E dal punto di vista dei buyer, in primis cinesi e americani? «Non è ancora finito, ma il riscontro è positivo. Devo dire che c’è un miglioramento della qualità della presenza. Gli operatori che si sono presentati sono tutti di ottima qualità e quindi i nostri agricoltori sono ancora più soddisfatti. Il Vinitaly sta migliorando in questo senso, è sempre di più una fiera adatta al business. Ed è quello che tutti noi chiedevamo da tempo». E alla domanda se crede nel mercato cinese, ha risposto: «ci crediamo. Non è un mercato facile e ci vorranno anni per poter arrivare ai consumatori cinesi con delle quantità di vino significative.
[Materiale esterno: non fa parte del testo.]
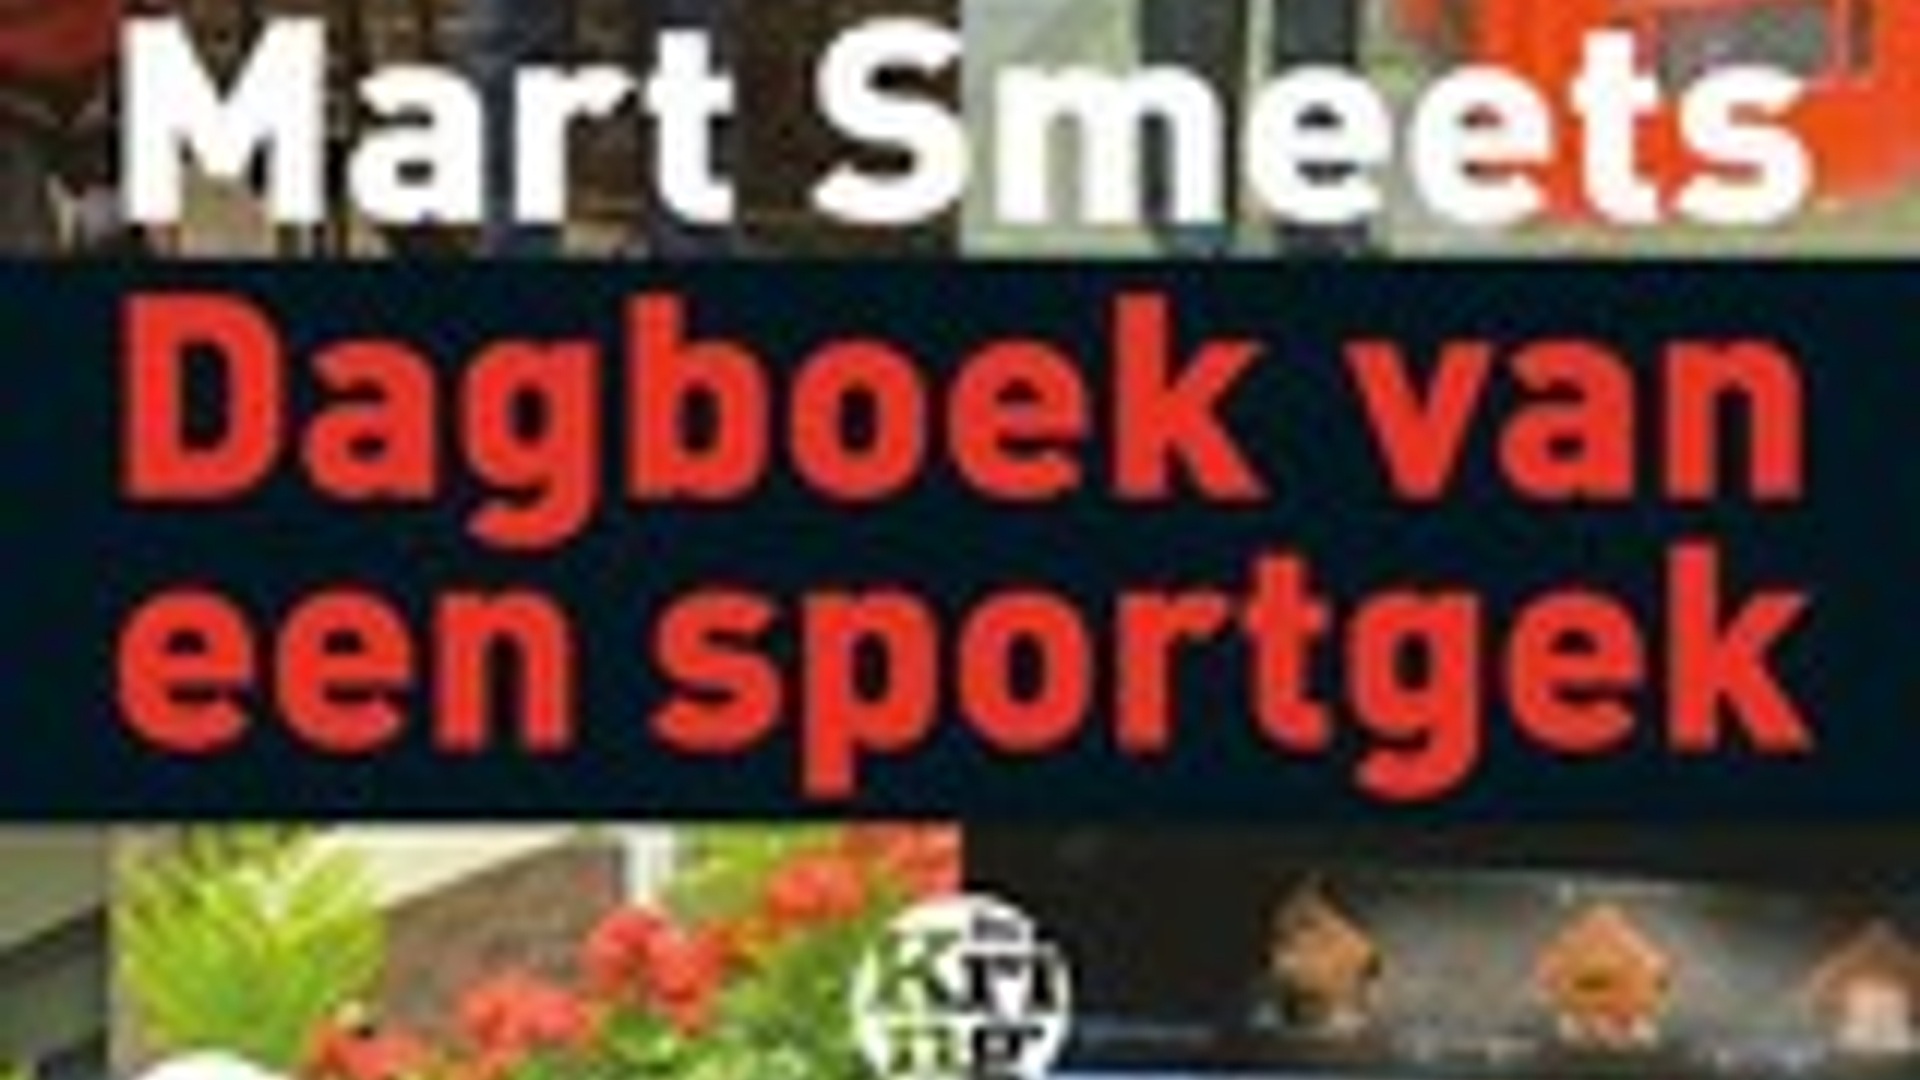 16223764-Dagboek-van-een-sportgek-Mart-Smeets.jpeg

Però senz’altro è un mercato target che affronteremo con attenzione».
E per il presidente del Consorzio del Gallo Nero sta funzionando il padiglione della Toscana? «Sì, sì assolutamente. Lo stare tutti insieme, giocando ognuno le proprie carte, senz’altro porta bene ed è efficace come proposta. Ben felici di stare nel padiglione della Toscana».
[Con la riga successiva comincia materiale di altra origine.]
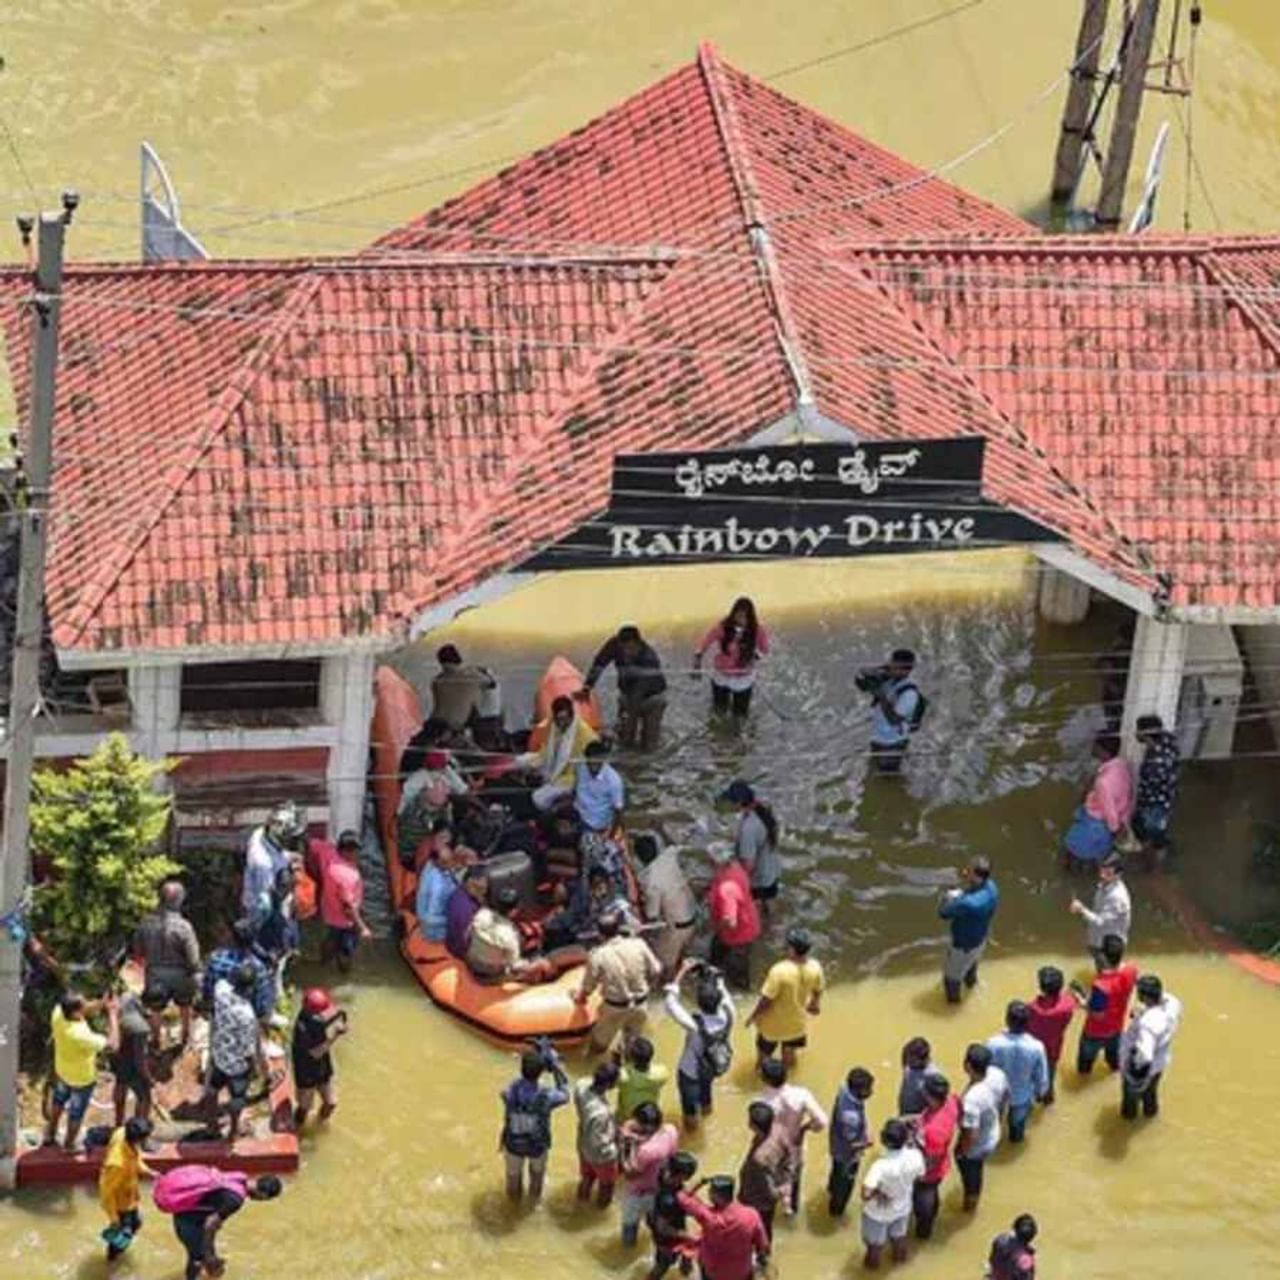 છેલ્લા કેટલાક દિવસથી ભારતનું આઈટી હબ કહેવાતા બેંગ્લોર શહેરમાં ભારે વરસાદને કારણે બધી જગ્યા પાણી ભરાયા છે. જેને કારણે ત્યાંનું જનજીવન અસ્તવ્યસ્ત થયું છે.

A Carlotta Gori, direttore del Consorzio Chianti Classico, abbiamo chiesto un parere sull’offerta di convegni e incontri tecnici di Vinitaly 2023. «Noi abbiamo partecipato agli eventi più istituzionali, stando dentro lo stand diventa difficile partecipare alla proposta molto ampia, devo dire, perché si sono affrontati argomenti anche molto diversi fra loro: dalla salute, alla sostenibilità, alla tutela dei marchi. E avrei voluto partecipare a quel convegno lì…» … su quel tema lì mi può dire qualcosa di più? «Noi siamo sensibili, abbiamo un marchio che è tutelato in tutto il mondo, il Gallo Nero, che è il marchio enologico più famoso del mondo. Quindi lavoriamo tanto per la tutela e la protezione dei marchi. Pensiamo che le competenze fra gli uffici marchi e le commissioni agricoltura debbano comunque rimanere separate, perché sono competenze distinte: tutelare le denominazioni è qualcosa di diverso rispetto alla tutela della proprietà intellettuale. Sono due elementi che possono unirsi per dare più tutela, ma ognuno deve mantenere il proprio ruolo e il proprio compito».
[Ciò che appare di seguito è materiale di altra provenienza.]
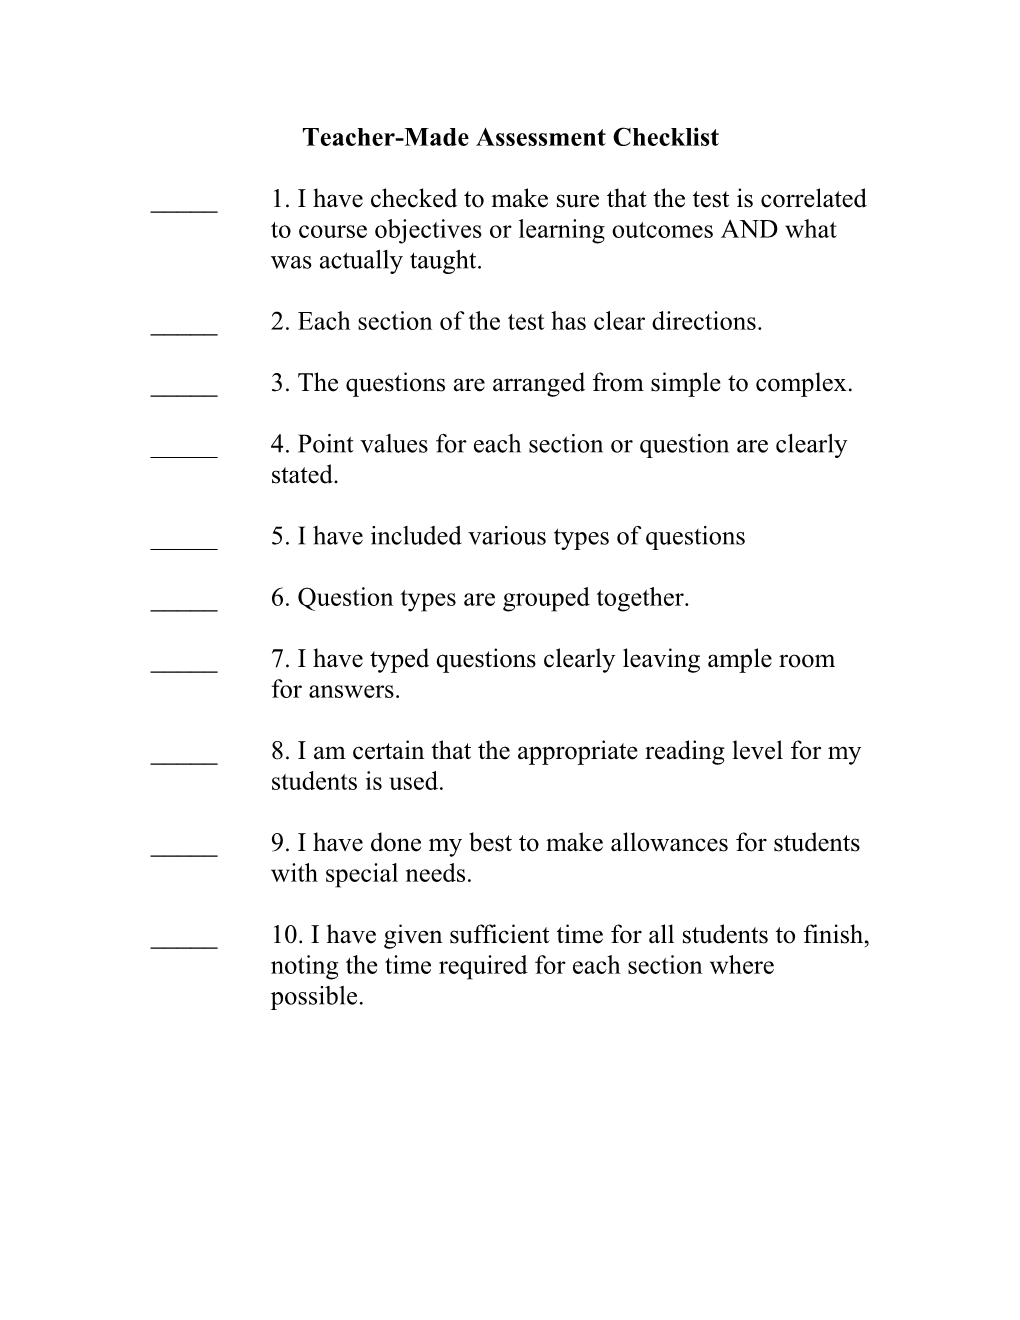 Teacher-Made Assessment Checklist

E a proposito delle Uga, le Unità geografiche aggiuntive, e a quando entreranno in vigore, ci ha detto: «ci auguriamo a luglio. Tra pochi giorni dovrebbe essere pubblicato il nuovo disciplinare di produzione, quindi i vini della Gran Selezione del 2020, che entra in commercio il 1° luglio del 2023, dovrebbero portare il nome delle Unità geografiche aggiuntive in etichetta». Come va interpretata questa sfida? «Nel progetto crediamo tantissimo. È un progetto in cui tutti i produttori stanno investendo con una crescita del numero delle etichette di Gran Selezione, in vista di questa nuova opportunità di legare sempre di più le produzioni al proprio territorio di origine, all’interno di una denominazione abbastanza ampia come è il Chianti Classico». Questo avrà impatto sia sul mercato interno che su quello estero? «Assolutamente, anche perché l’80% del prodotto del Chianti Classico va sul mercato estero e deve quindi funzionare lì».